Cisplatin or PTX may affect optic nerve function, and the combination of CDDP with PTX may synergistically increase the neurotoxicity risk to the optic nerve. In our case, however, the primary cause of the patient’s ocular symptoms and blindness remain unknown. The cause may potentially be attributed to CDDP administration alone, PTX alone, the combination of PTX with CDDP, or the interaction of cytotoxic drugs with radiation. To investigate the exact cause of the loss of eyesight, both CT and MRI scanning of head and neck, and laboratory biochemical examination including serum electrolyte, were performed. The potential causes that could result in ocular disease were excluded by various examinations. They included the uncontrolled primary tumor, radiation-induced brain and nerve damage, the central neural and cerebrovascular disease, chemotherapeutic drug-related myelosuppression, imbalance of serum electrolyte, and so on. For the patient in our report, the possible cause of PCION included cytotoxic drugs, radiation, and the patient’s concomitant diseases (hypertension and chronic hepatitis B). The possibility of both radiation treatment and concomitant diseases causing PCION was extremely low because all the concomitant diseases were well controlled. Additionally, the maximal radiation dose to the optical nerves and chiasm was <32 Gy, which is far below the tolerance to the radiation. Though we could not accurately ascertain the exact cause of our patient’s blindness, and did not know the precise interaction of cytotoxic agent and radiation or the variation of the normal tissue’s response to anti-cancer therapy during the complicated context of chemoradiotherapy, we could still infer cytotoxicity of PTX and/or CDDP as the primary cause.

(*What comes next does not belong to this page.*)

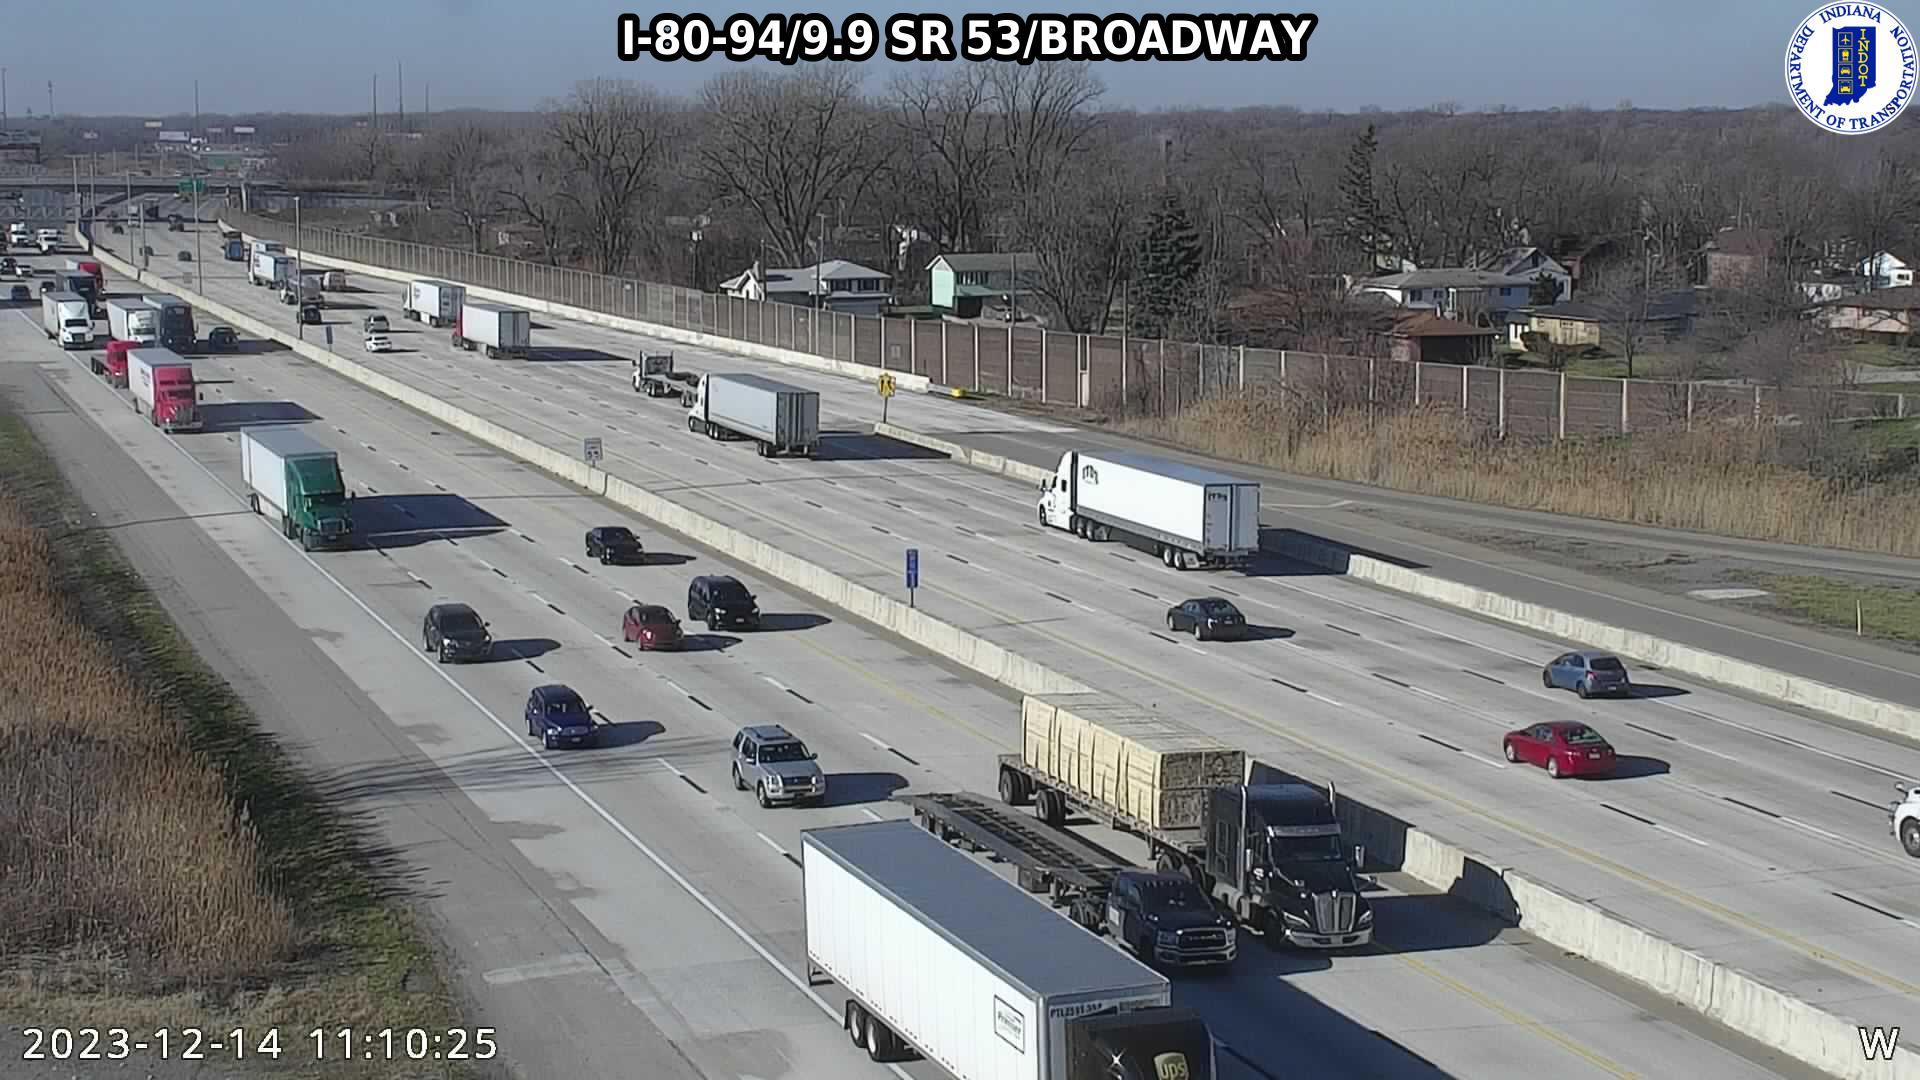 Traffic Cam Gary: I-94: I-80-94/9.9 SR 53/BROADWAY Player

Strategies for detection, treatment and prediction

Because of its scarcity, PCION was usually underestimated or considered minor when compared to other life-threatening complications.17 Oncologists should take all potential severe toxicities into consideration prior to initial treatment and be familiar with their pathogenesis and management. Despite the lack of consensus outlining routine ophthalmologic monitoring and ocular toxicity management at present, for some drugs with potential ocular toxicity a baseline ophthalmologic examination and regular monitoring is strongly recommended before treatment. The monitoring examinations could include visual acuity, tonometry, fundoscopy, color vision test, automated perimetry, retinal photography, and others.17 Potential treatment options including warm compress, eyelid hygiene, corticosteroids, topical anti-inflammatory medications and lubricants, and avoiding light exposure may prove useful, but further clinical study is needed. Hofstra et al25 reported that flunarizine, a selective calcium channel antagonist, has been used successfully to treat one patient diagnosed with visual-evoked potential abnormalities. Kwan et al4 reported a case of bilateral panretinal laser photocoagulation, but the therapy was ineffective because the best-corrected visual acuity remained unchanged 6 months later. Based on previous reports, nearly all PCIONs were irreversible, and the best-corrected visual acuity failed to improve significantly. Currently, there is no biomarker available to effectively predict these severe PCIONs.

Conclusion

PTX- and CDDP-induced ocular toxicity is extremely rare and usually irreversible. The clinical manifestations mainly include abnormal vision, hemianopia, photopsia, visual disturbance, blindness, ocular pain, cystoid macular edema, and other similar symptoms. The possible mechanisms of PCION might be related to the ischemic and electrophysiological changes within ocular neural structures. There are no effective strategies for the early detection, treatment, and prediction of PCION, which is warranted for further investigation. Clinical oncologists should consider the risk of severe PCION prior to initiating anti-cancer treatment.